Compose, then focus. Install filter, read meter.


----------



## Josh66 (Apr 26, 2012)

"Focus isn't the question.  Exposure is."
What does exposure matter if focus is off?


----------



## usayit (Apr 26, 2012)

Ah.. ok...  I was assuming that there was enough light to see even with 10stop ND filter attached....  I can see just fine assuming bright daylight.


Psst....  A little secret...    What 480sparky said is exactly what Infrared photographers do and it works just fine.   Their filters block out almost 100% visible light.... that's what I consider "too dark to compose or focus".


----------



## 480sparky (Apr 26, 2012)

O|||||||O said:


> "Focus isn't the question.  Exposure is."
> What does exposure matter if focus is off?
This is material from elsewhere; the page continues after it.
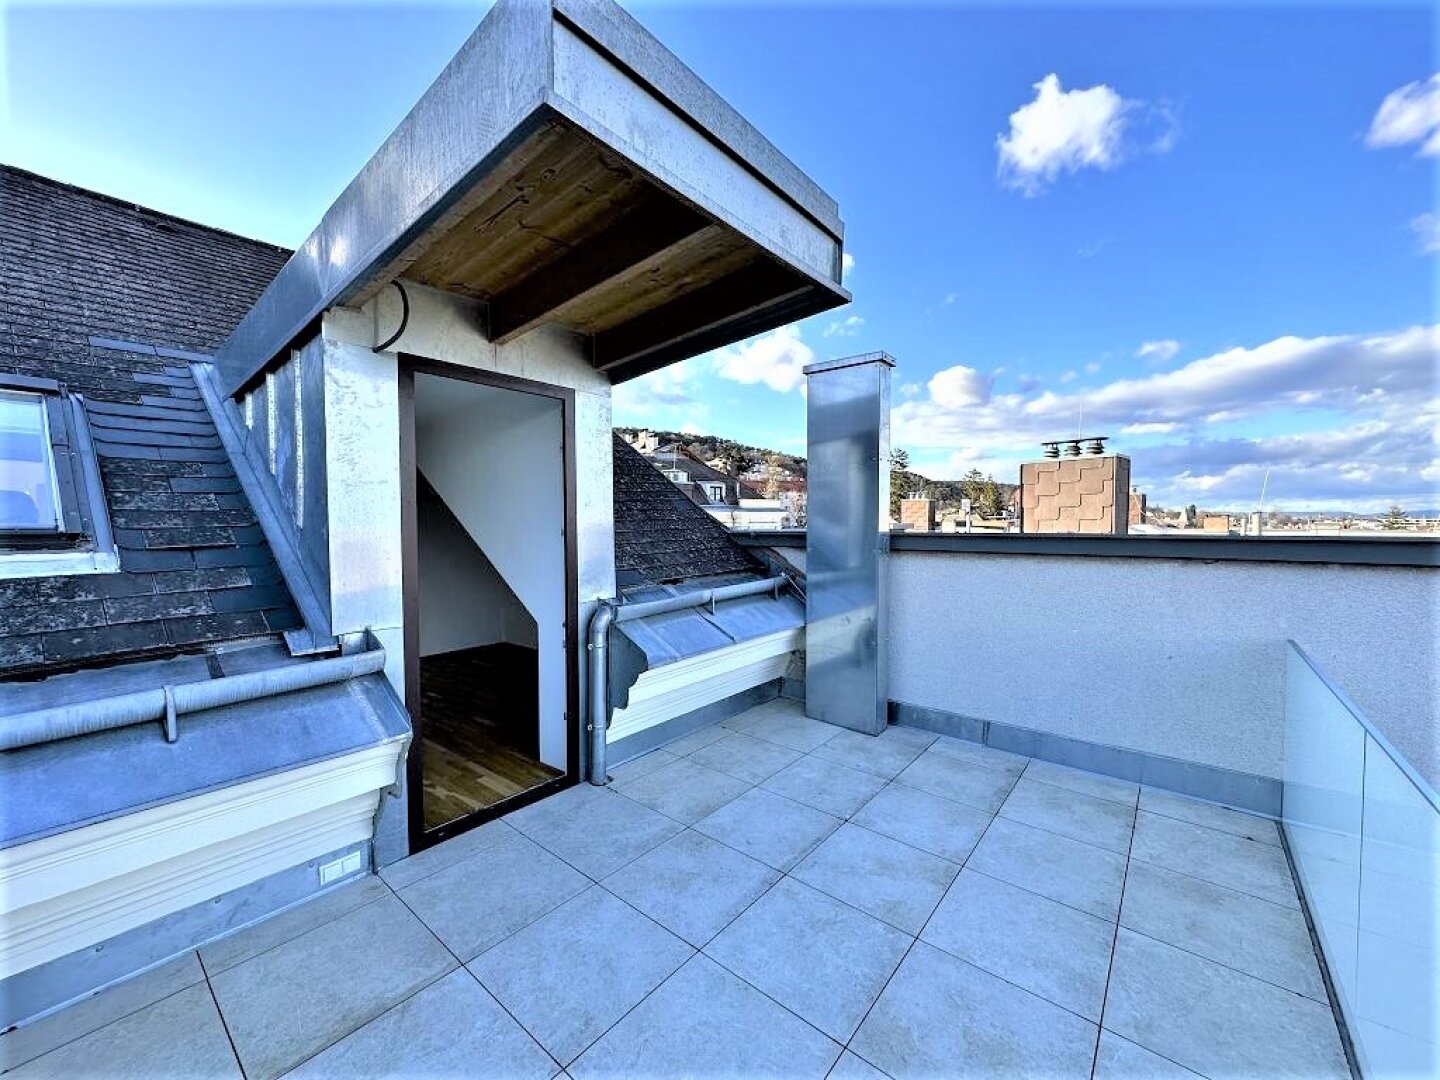 KLIMATISIERTES 68 m2 Dachgeschoss mit 14 m2 Terrasse, 3 Zimmer, Extraküche, Wannenbad, Stadtblick, Dr. Ludwig-Rieger-Straße

Yet you deleted the second part of the post that would answer that.


----------



## CouncilmanDoug (Apr 26, 2012)

I usually just set everything up beforehand, then put on the filter and adjust it 10 stops.
*OP is talking about a 10 stop filter, BTW - can you see through the viewfinder good enoung to focus with a 10 stop filter installed? 
*Barely, if you're shooting into the sun you can


----------



## Josh66 (Apr 26, 2012)

How often are you shooting straight into the Sun when you're using a 10 stop filter..?


----------



## CouncilmanDoug (Apr 26, 2012)

not a whole lot


----------



## Tiberius47 (Apr 27, 2012)

480sparky said:


> Compose, then focus. Install filter, read meter.



This.


----------



## Tiberius47 (Apr 29, 2012)

The filter is very dark, so you won't be able to see through it when it is in place.

So, set up your camera, but don't attach the filter.  Compose your shot (on a tripod), and set your focus.  You need to do this now because once the filter is in place there won't be enough light to focus or compose.

Once the camera is focussed and you have the photograph composed, put the filter on.  Now the camera can set the meter.  Then take the shot.


----------